Safety regulators want to fine Boeing $3.9 million, saying that the company installed wing parts on 133 planes even though it knew the parts were faulty.
Boeing said Friday that all the affected planes in use have been inspected and fixed. A spokesman said the company is not aware of any incidents involving the parts.
The Federal Aviation Administration said Boeing failed to oversee its suppliers. At issue are parts for Boeing 737s known as slat tracks, which sit at the front edge of a plane's wings and guide the movement of panels called slats. The slats help give planes more lift during takeoffs and landings.

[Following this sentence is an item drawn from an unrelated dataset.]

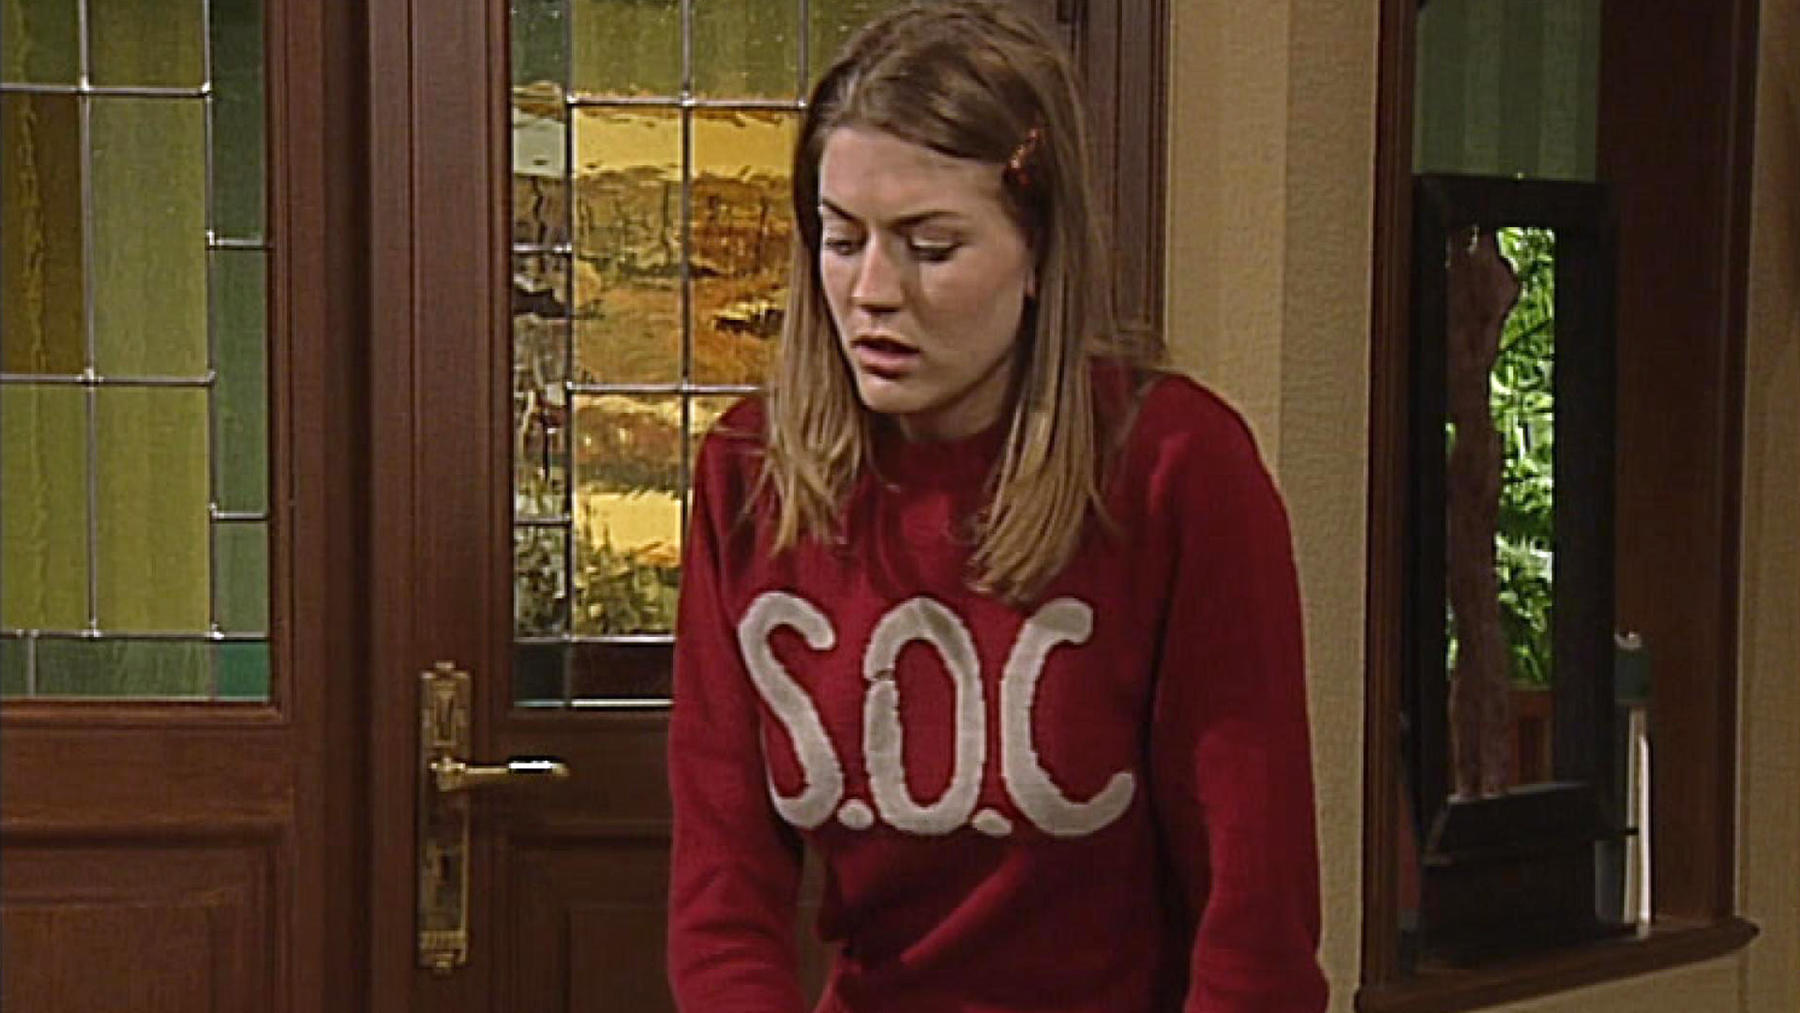 Cora täuscht mal wieder einen Schwächeanfall vor

The FAA said the tracks were made brittle during a process in which they received a coating of cadmium and titanium, and that suppliers notified Boeing of the problem. Boeing still submitted the planes for FAA flight approval even after deciding that the slat tracks “could not be used due to a failed strength test,” according to an FAA statement.
In June, Boeing and the FAA both instructed airlines to inspect the slat tracks on some 737s. Friday's proposed fine deals only with a version called the NG. The same flaw may affect some 737 Max jets, but those are grounded after two fatal crashes in which a separate flight-control system played a role. Boeing said slat tracks on those will be fixed before the Max is allowed to fly again.
Chicago-based Boeing has 30 days to respond to the FAA.